HAVING AN ECO-FRIENDLY PERIOD: why I switched to using a menstrual cup

Have you ever thought about the quantity of sanitary pads and/or tampons you have used and will have to use in your lifetime? Have you ever wondered what they’re made of and where they end up? If you haven’t, it’s a good time you start thinking about it because it ain’t pretty.


 Source:  natracare

Source: natracare

  • The average woman will use around 11,000 pads and tampons in her lifetime
  • Feminine-care product manufacturers aren't required to disclose what's in their products, which often includes traces of dioxin (a known carcinogen) from bleaching, pesticide residues from conventional, non-organic cotton, and mysterious "fragrance" ingredients*
  • Conventionally grown cotton relies heavily on the use of agro-chemicals**
  • 20 billion used menstrual products end up in the landfill each year in North America
  • The time it takes for a pad of tampon to degrade in a landfill is centuries longer than the lifespan of the woman who used it

*Cumulative Exposure and Feminine Care Products

**Conventional cotton

To be honest, I just started using the “Cup” about a year ago. Before that, I was using organic cotton tampons and pads whenever I could, but it wasn’t always easy when there wasn’t a Whole Foods or other health store around to find them. I've gotten so used to looking at ingredients when buying packaged food, and I looked for some sign of ingredients, especially when it came to "fragrances," but I could find none on conventional pads and tampons. So organic pads was definitely the way to go.

However, I was still feeling pretty wasteful, using so many disposable pads... plus, they're relatively expensive. So, I finally decided to buy a DivaCup after inspecting it multiple times in stores, and it's one of the best decisions I’ve made!

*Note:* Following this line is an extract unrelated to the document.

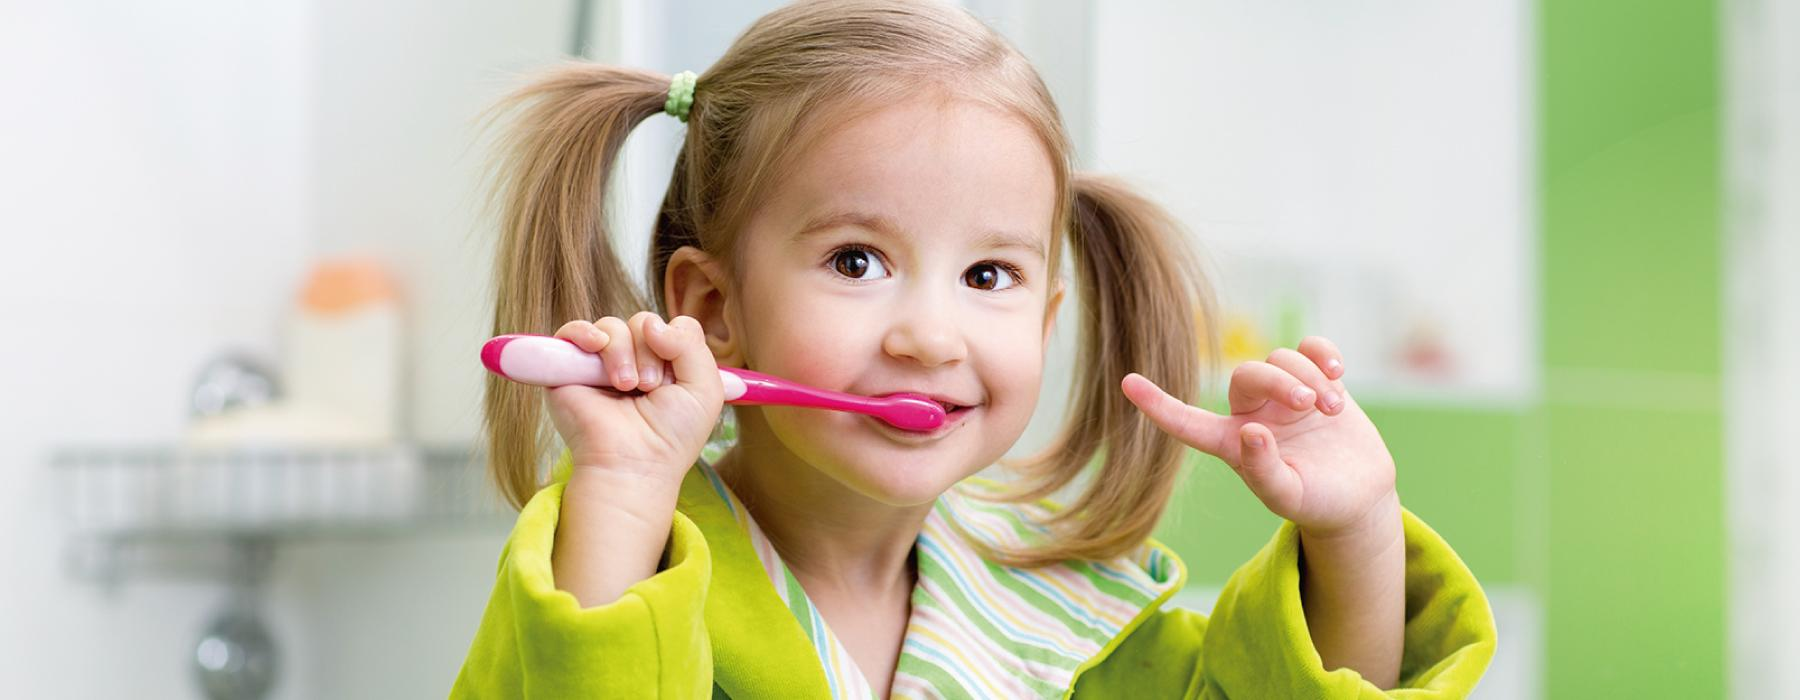 clinica-dentaria-medica

Especially if I want to walk the talk and make my cycle more eco-friendly.


Why I like using the Cup:

  • I’ve become more in tune with my cycle: with the different qualities and quantities of my flow
  • You only have to change it twice a day! (I do when I wake up and before going to bed)
  • It should last me about 10 years

Sure, it takes a little bit getting used to inserting and removing the cup. And I would not recommend trying it in public bathrooms since you should rinse the cup between uses (although it is possible). It's totally doable, and you'll feel relieved at the amount of waste you'll be reducing!

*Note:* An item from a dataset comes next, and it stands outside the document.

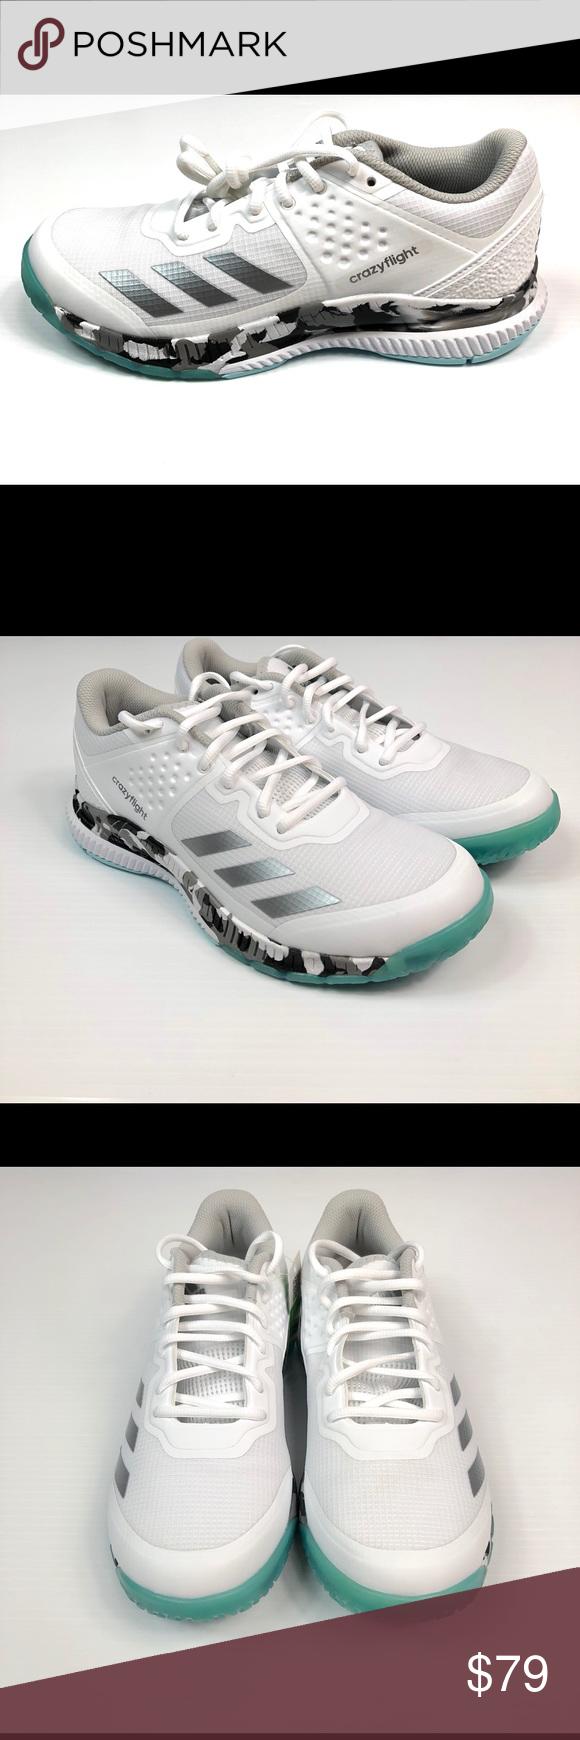 Adidas Crazyflight Volleyball Shoes Size 8 Womens Adidas Crazyflight Bounce Women S Volleyball Shoes White Size 8 By Volleyball Shoes Adidas Women Size 8 Women

Another product I began using very recently are cloth pads. I bought some I found in Auroville, India. The brand is EcoFemme and they're totally awesome! --good for my body, good for the earth, and a socially responsible business.

They're really comfortable, soft and absorbent. The downside with cloth pads is that you have to wash them by hand and dry them after every use. It can be time-consuming and labor-intensive, but I still think it beats the alternative of buying and wasting (on repeat). ;) 

It seems like everyday we're bombarded with bad news about pretty much all the things we use and do on a daily basis... and that's ok! The world's pretty F'd up and it's good to be aware of it. But now that you know, don't just turn a blind eye and continue business as usual. You have the power to stop using those nasty products and make the switch to products that are better for the environment and safer for your body as well.

In summary, here are some ways you can make your period more eco-friendly:

1. Organic, unbleached pads and tampons free of toxic chemicals and pesticides (Seventh Generation, Natracare, plus others) --still DISPOSABLE and WASTEFUL, but a good start and better than exposing yourself to potentially harmful chemicals and synthetic materials found in conventional pads and tampons

2. Cloth pads (LunaPads plus other brands or DIY)

3. Silicone and rubber menstrual cups (DivaCup, other brands also out there) --MOST SUSTAINABLE OPTION and will save you money in the long-run

4. I've also briefly run across using sea sponges as tampons and using padded panties (THINX), but I haven't tried them or read enough about them to comment...

Whatever you decide to do, please STOP BUYING CONVENTIONAL PADS! They are a multi-billion dollar industry and they do not care about your health or the planet. Switching to organic pads and tampons is easiest, but really consider using washable and reusable menstrual pads and cups, that's the best choice you can make.

With light & love,

natalia ⭐︎

For more information, I would recommend watching the video below, which shows the nasty smoke produced when burning a conventional pad vs clean smoke for an organic one...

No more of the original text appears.